Yes, it’s okay to ship your work.

Yes, you’re capable of making a difference.

Yes, it’s important.

Yes, you can ignore that critic.

Yes, your bravery is worth it.

Yes, we believe in you.

Yes, you can do even better.


Yes is an opportunity and yes is an obligation. The closer we get to people who are confronting the resistance on their way to making a ruckus, the more they let us in, the greater our obligation is to focus on the yes.

There will always be a surplus of people eager to criticize, nitpick or recommend caution. Your job, at least right now, is to reinforce the power of the yes.

Seth’s blog brings to mind a story I recently heard regarding innovation and education in England.  The government proposed to their education system they could apply to have any rules, laws, etc. suspended in the name of innovation (there is currently a similar initiative in BC).  Those who wanted to ‘not comply’ had to make application to the government with the appropriate rationale.  The project’s one major finding was over 80% of applications received were unnecessary. Why? Because the rules that hundreds of educators had applied to have suspended didn’t actually exist.  I think this general challenge is also true in British Columbia — we believe we are more restricted by laws, rules and legislation than we actually are (possibly by rules that don’t exist, as well) thereby justifying the belief that innovation is not possible and we continue to accept the Status Quo.
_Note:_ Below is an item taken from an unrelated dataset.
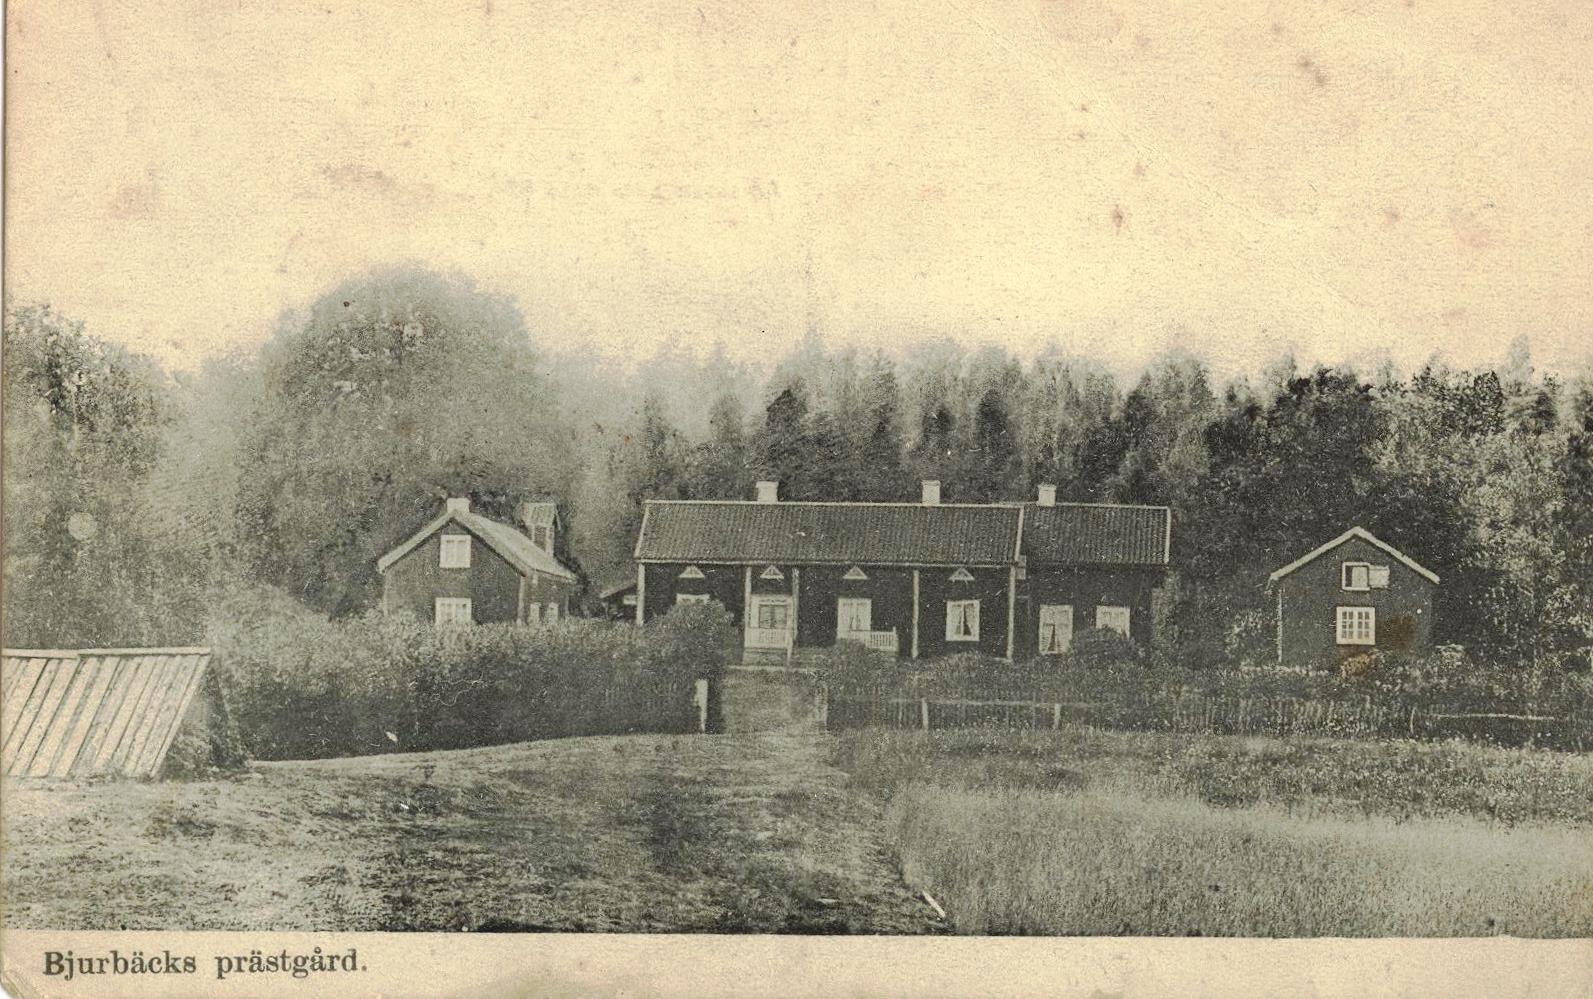 Bjurbäcks prästgård, 060 - kopia

In education, more than any other profession, we need to continue to promote YES; “yes” for the teacher embracing formative assessment discouraged by the parent who claims this is not how they were assessed in school; “yes” for the school that cannot re-imagine their programs in their current, highly successful system; “yes” for the people to take the risk knowing the road to change is long and challenging.

And, it is certainly nice to know there are others pushing  for YES.